1. A traffic flow control unit comprising a rigid container, a flow control plate, pivot means in the container for the control plate, the flow control plate projecting from the container and pivotable between a first operative condition and a second inoperative condition, and resilient bias means urging the flow control plate towards the first operative condition.

2. A unit as claimed in Claim 1 in which the container has a removable cover, the cover mounting the pivot means

3. A unit as claimed in Claim 1 or Claim 2 in which the resilient bias means comprises a torsion spring with one terminal end engaging the flow control plate and the other terminal end engaging the container.

4. A unit as claimed in claim 3 in which said other end locates on an internal surface of the container.

5. A unit as claimed in Claim 3 or claim 4 in which the flow control plate includes a hollow member in which is received part of a pivot pin, the torsion spring having coils intermediate the said one terminal end and the said other terminal end, the coils surrounding part of the pivot pin.

6. A unit as claimed in Claim 5 in which the pivot pin is of a length greater than that of the hollow member whereby both ends of the pin are adapted to extend out of the hollow member, non-rotatable pin-location members aligned with the hollow member, the pin ends being rotatably mounted in the pin-location members, the coils of respective torsion springs being between the hollow member and each said pin-location member.

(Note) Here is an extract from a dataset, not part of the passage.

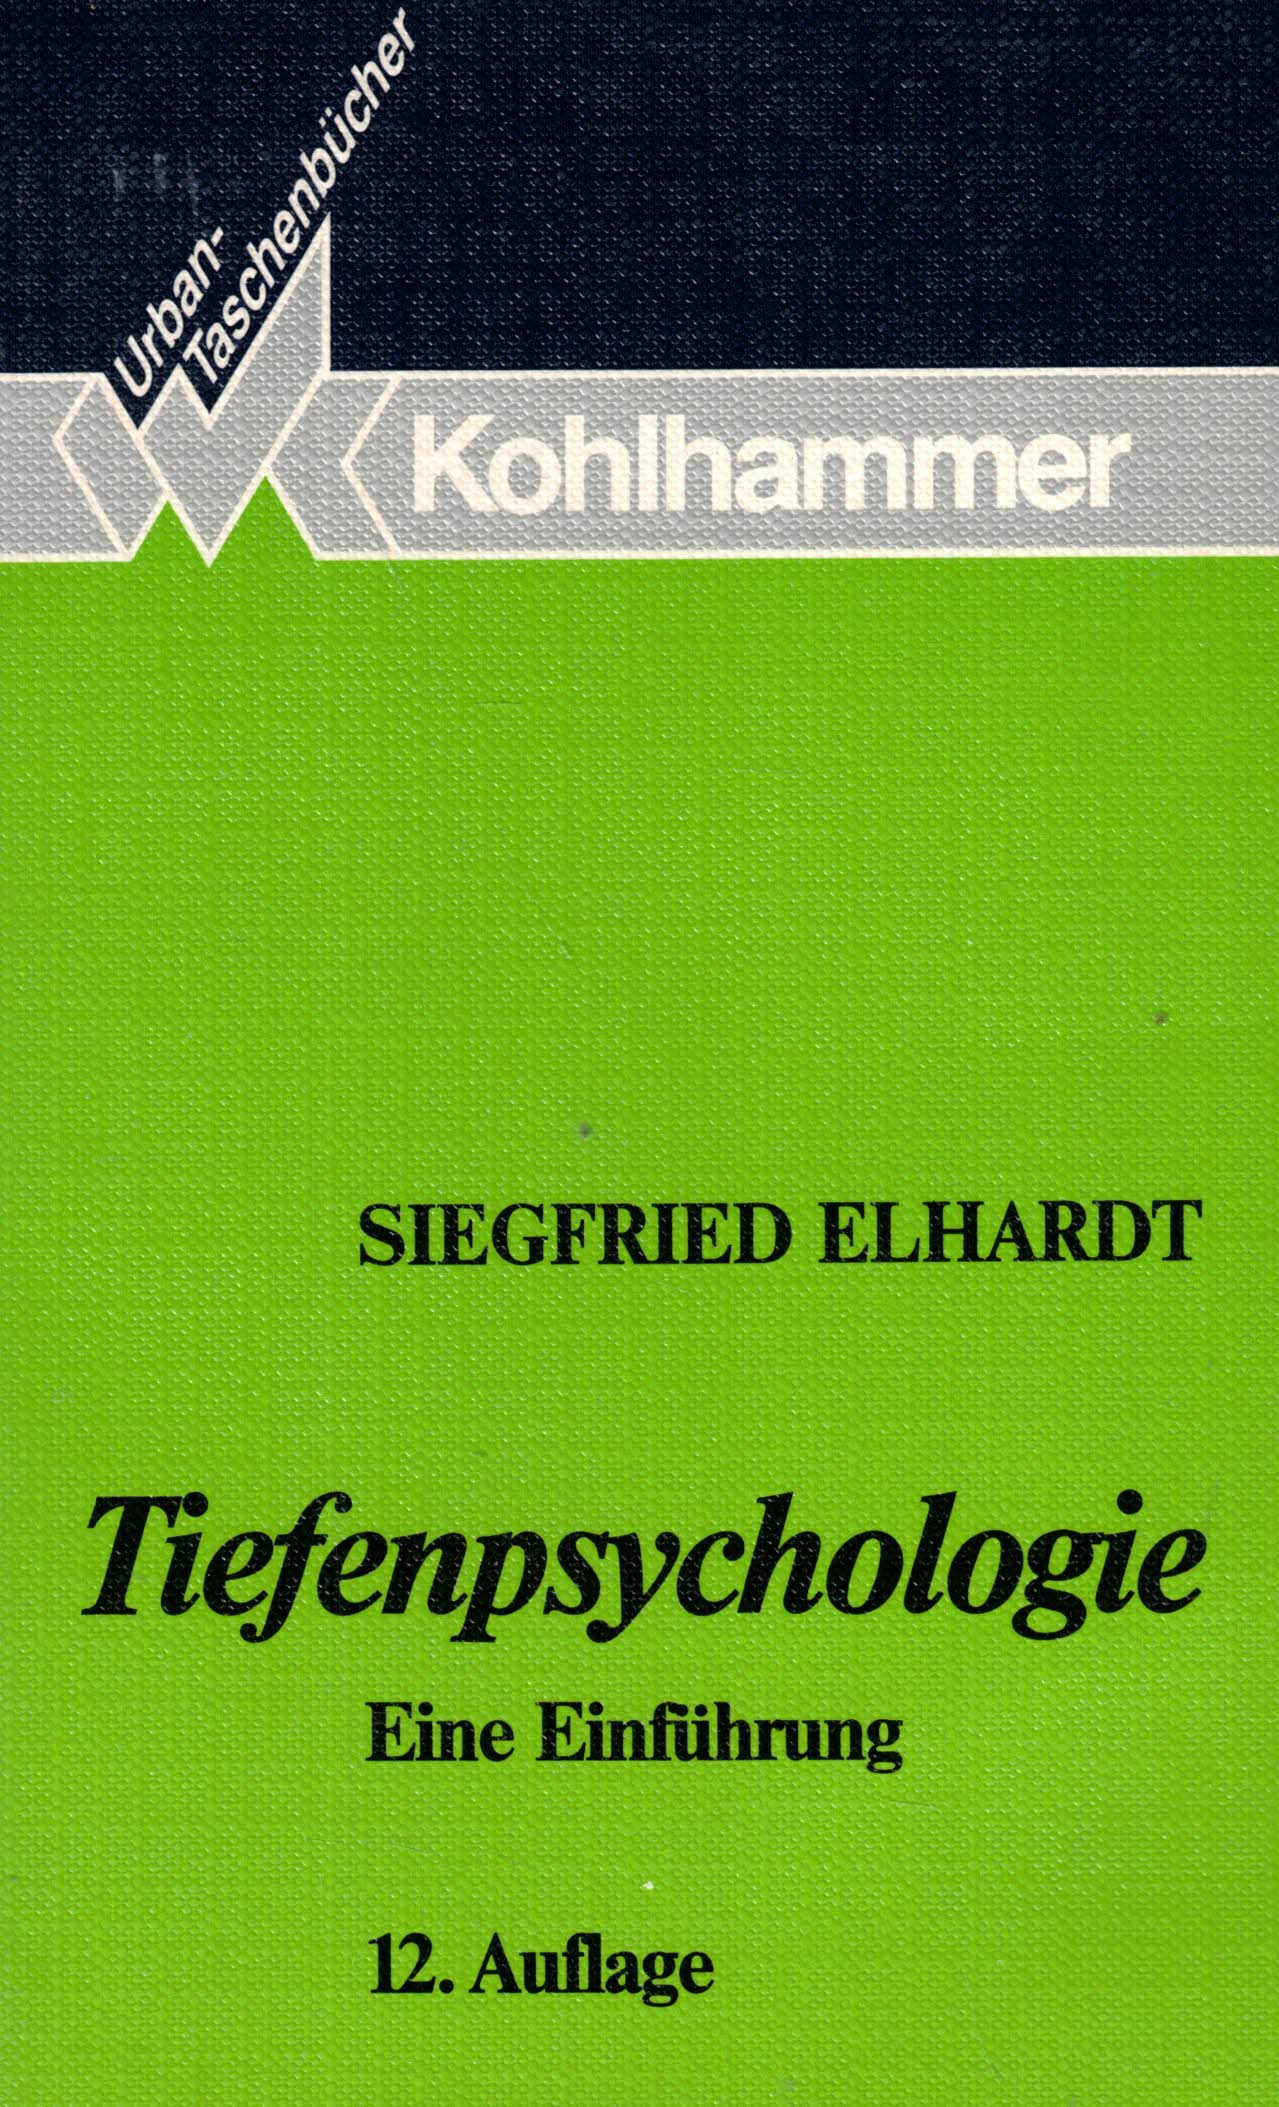 Tiefenpsychologie. Eine Einführung (12. Auflage) - Elhardt, Siegfried

7. A unit as claimed in any of claims 2-6 in which the cover mounts the flow control plate and the resilient bias means whereby removal of the cover effects simultaneous removal of the flow control plate and resilient bias means.

8. A unit as claimed in any previous claim in which the container includes a cross-strut, the control plate having an extension which in the said first operative condition is engaged with the cross-strut whereby the cross-strut forms a back-stop for the control plate.

9. A traffic control unit constructed and arranged substantially as described with reference to Fig.5 or Fig.7 or Fig.8 or Fig.l2 of the accompanying drawings.

10. A flow control plate for use in a unit as claimed in any previous claim which mounts a torsion spring.

11. A flow control plate constructed and arranged substantially as described with reference to Fig.ll or Fig.l3 of the accompanying drawings.